Immigration “rocket docket” files obtained through a FOIA lawsuit reveal lack of policies, procedures and training for immigration judges, raising questions about how and why cases get expedited, four attorneys’ groups said Tuesday.

SAN FRANCISCO (CN) – Immigration “rocket docket” files obtained through a FOIA lawsuit reveal lack of policies, procedures and training for immigration judges, raising questions about how and why cases get expedited, four attorneys’ groups said Tuesday.

The Center for Gender and Refugee Studies at the University of California Hastings is one of four groups that sued the Executive Office for Immigration Review, or EOIR, which runs immigration courts, in February 2016.

The groups — including the American Immigration Lawyers Association — claimed the Department of Justice, which oversees EOIR, refused to turn over records on policies and procedures for expedited immigration dockets, or “rocket dockets,” in violation of the Freedom of Information Act.

“It was pretty frustrating how not transparent the government was,” Christine Lin, an attorney with the Center, said Tuesday. “When you put vulnerable children and women on expedited dockets, there needs to be transparency that is rapid. And they didn’t do that in a timely manner.”

The groups say the lack of clear policies and guidelines made it harder for unaccompanied minors, one-parent families and their attorneys to navigate the system and avoid deportation.

In July 2014, the Obama administration directed immigration courts to fast-track cases of “recent border crossers,” responding to a surge of unaccompanied minors across the border.

That directive was rescinded in a Jan. 31 memo this year by Chief Immigration Judge MaryBeth Keller, who directed courts to prioritize only the dockets of detained immigrants or detainees who had to be released on bond after long detentions.

In a joint stipulation filed Monday, the U.S. government agreed to pay the immigrant rights groups $52,000 in litigation costs to settle the FOIA suit.

The groups received the last batch of requested documents in December 2016, Lin said.

“It showed there weren’t a lot of policies and procedures in place for how to conduct these surge dockets,” she said.

The groups requested records on how immigration judges were trained to handle the speedier dockets, but the only records they received detailed very limited training for judges in New York, Lin said.

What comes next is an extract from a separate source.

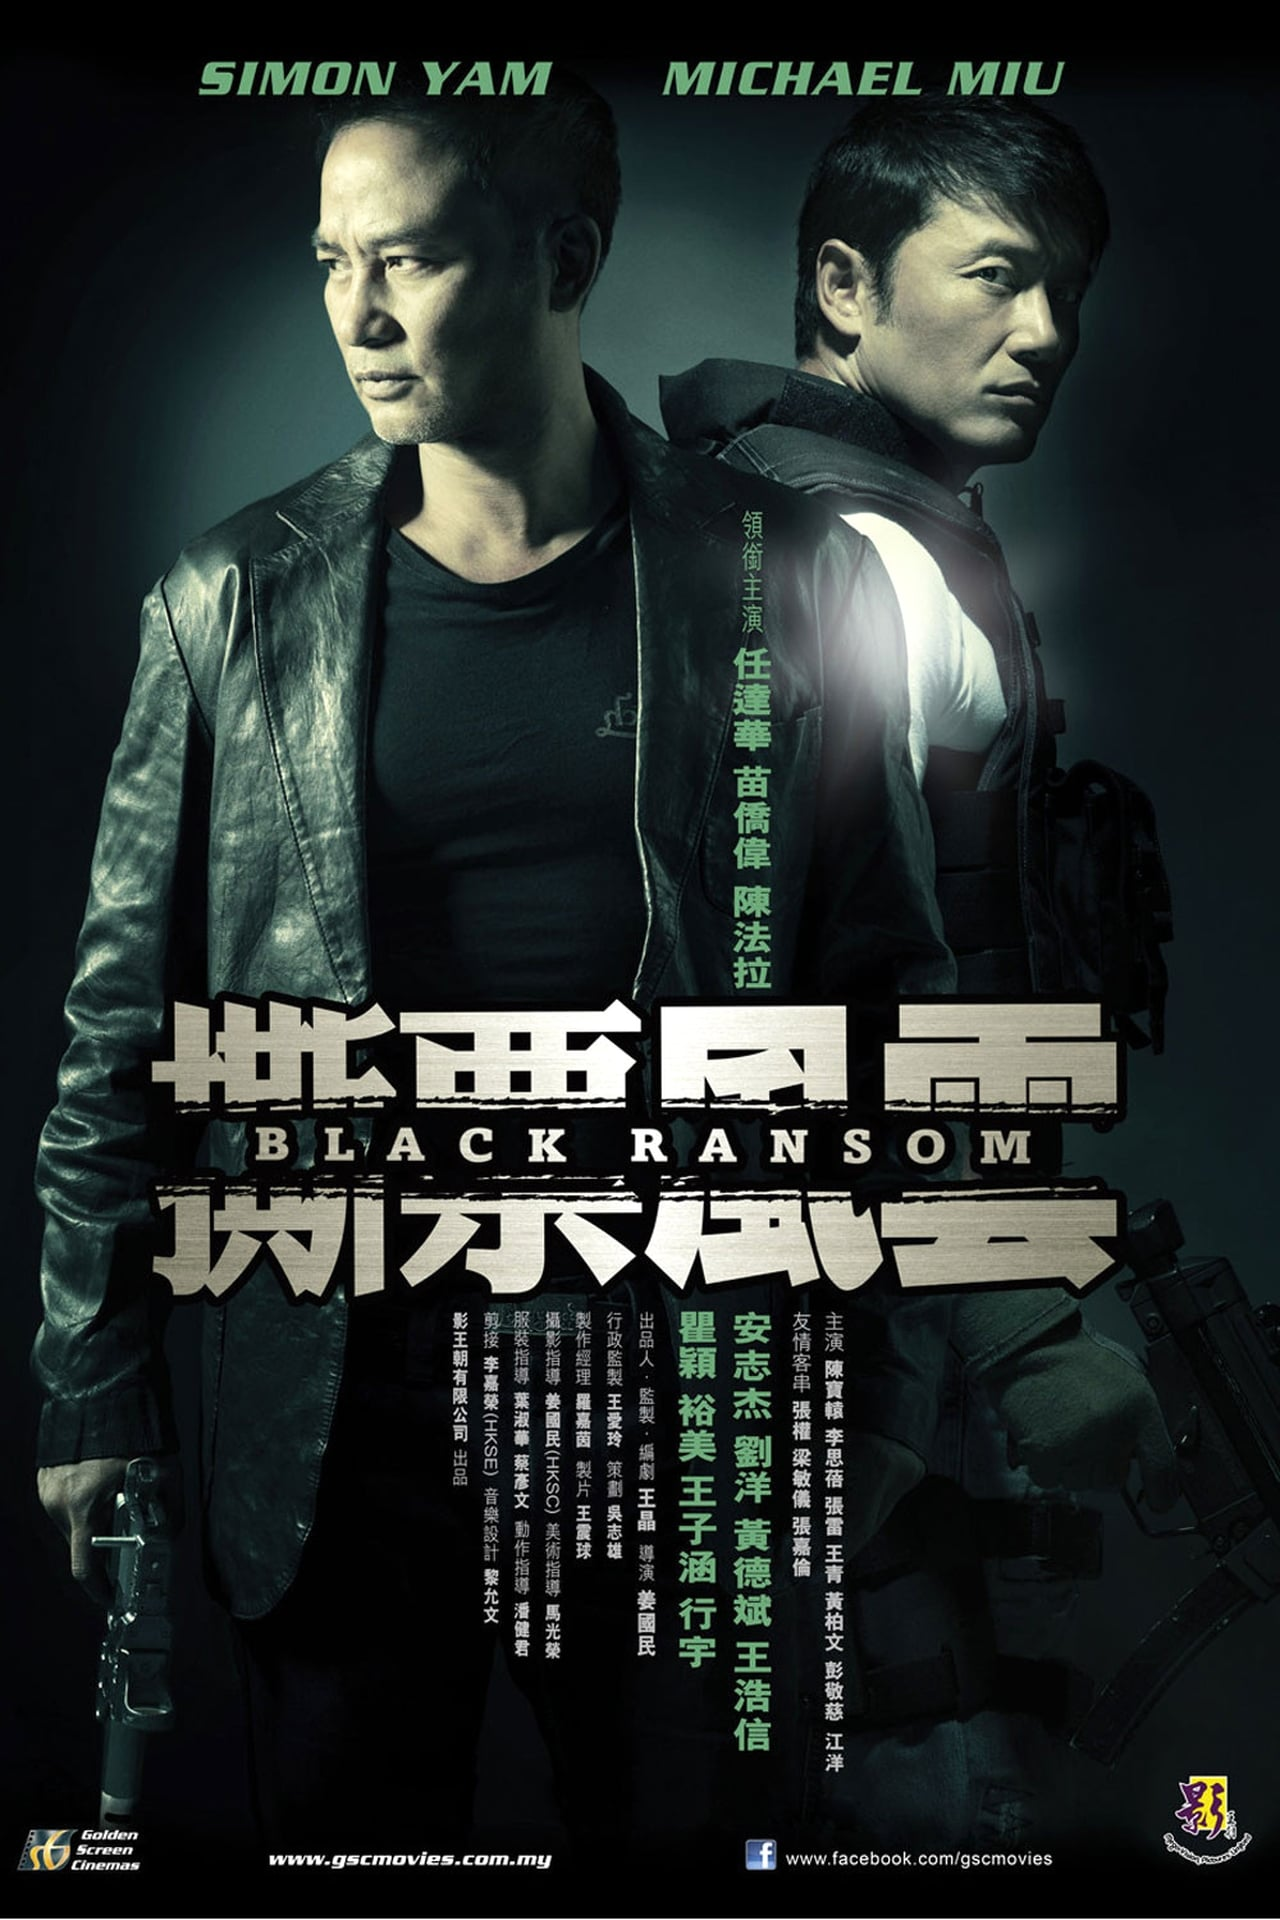 Black Ransom

“The takeaway was that they didn’t really train immigration judges,” Lin said. “They didn’t produce anything else. It showed a lack of training of immigration judges on how to deal with expedited dockets.”

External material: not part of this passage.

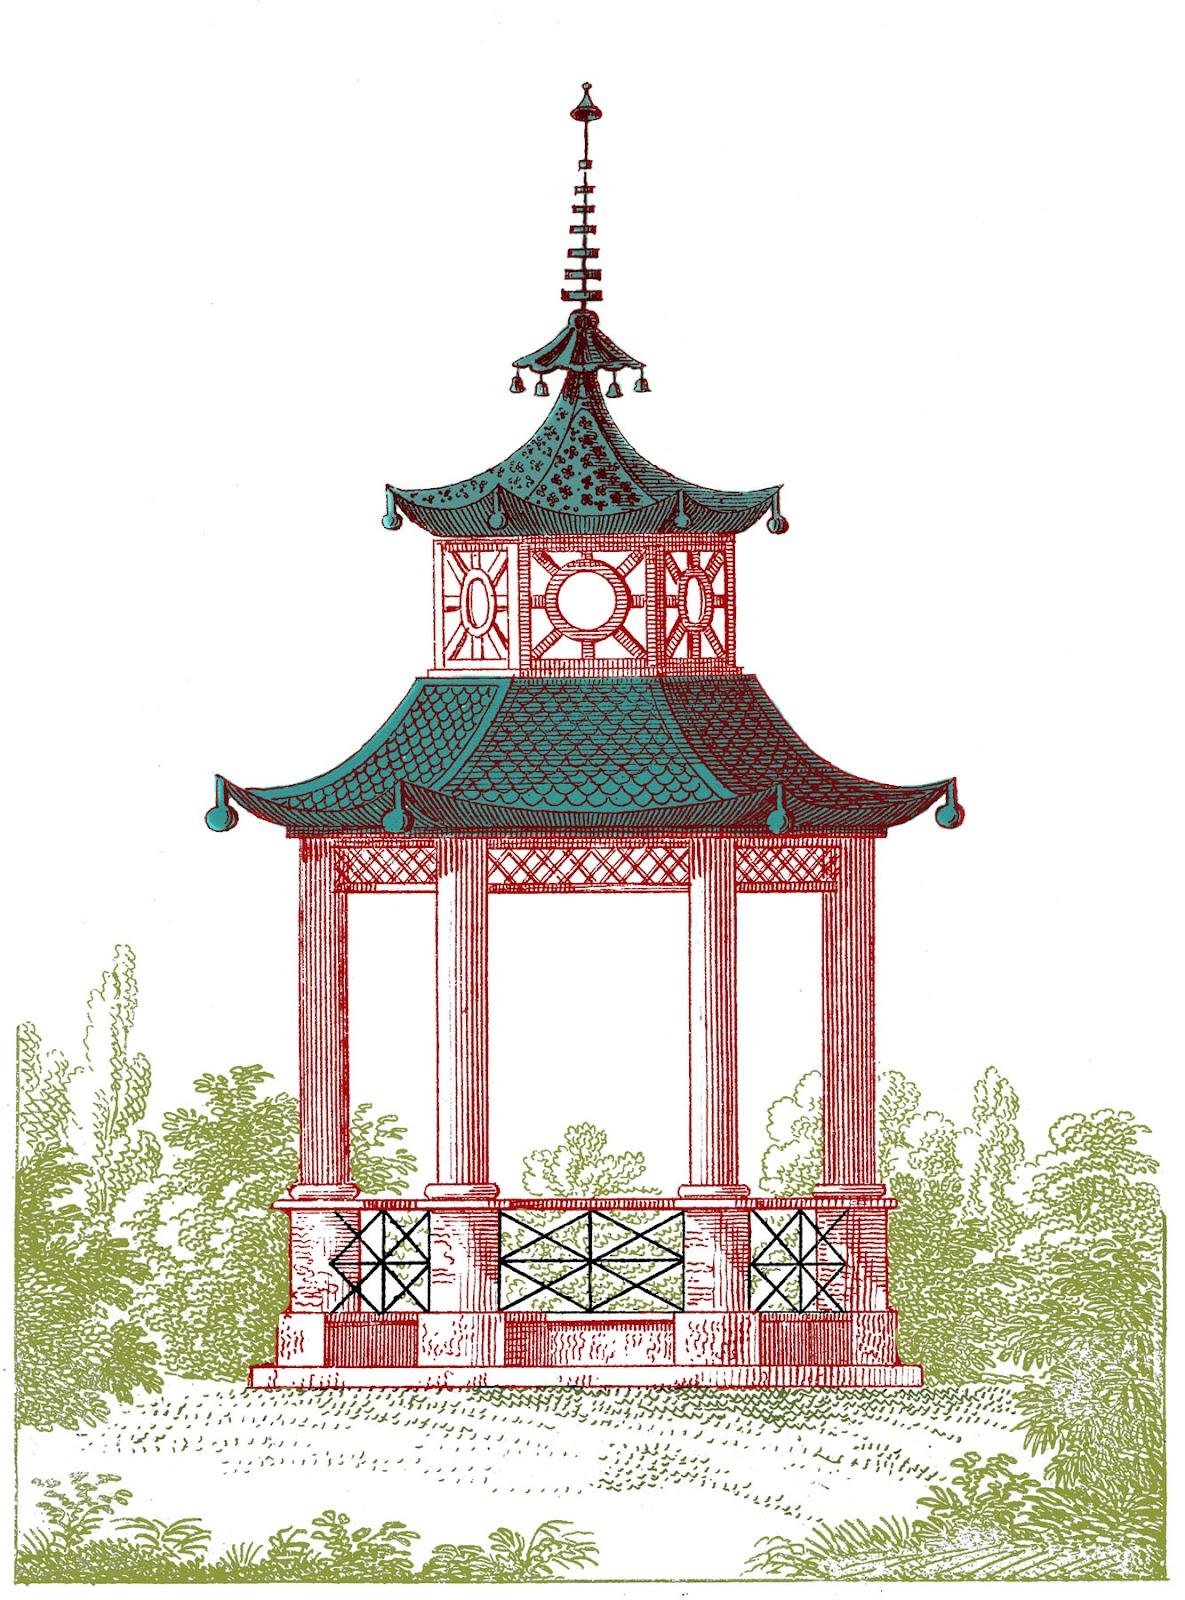 Antique Garden Graphic - Beautiful Pagoda Gazebo - The Graphics Fairy

Lin said the records revealed that decisions on whether to expedite cases are generally left to Department of Homeland Security officials, who write the charging documents, instead of judges.

Lin said the decision to expedite should be made by immigration judges, who are supposed to be impartial. Instead, a simple notation on a charging document added by a DHS official automatically fast-tracks deportation hearings.

In their original lawsuit, the legal groups complained that asylum seekers were given conflicting information on the number and length of continuances they were allowed as they looked for a lawyer.

Lin said those questions were never answered by the disclosed files, and the decisions appear to be based purely on each immigration judge’s discretion.

“Legal representatives would be able to provide better legal representation if we actually knew what the policies and the guidance was,” Lin said. “It’s a due process concern for sure if they don’t have these policies in place, and you’re learning as you go.”

Lin said the groups also received data showing the number of immigrants who were ordered removed in absentia through the fast-tracked docket system.

She said attorneys will be working with some of those people to challenge deportation orders and “revive those cases so they can have their day in court.”

Lin said the groups are still analyzing some of the data they received and hope to make it publicly available.

The other plaintiffs were the Lawyers’ Committee for Civil Rights of the San Francisco Bay Area, and Community Legal Services in East Palo Alto.

Justice Department representative Lauren Alder Reid said in an email that "several public memoranda exist discussing the management of the previously prioritized dockets," but offered no further comment.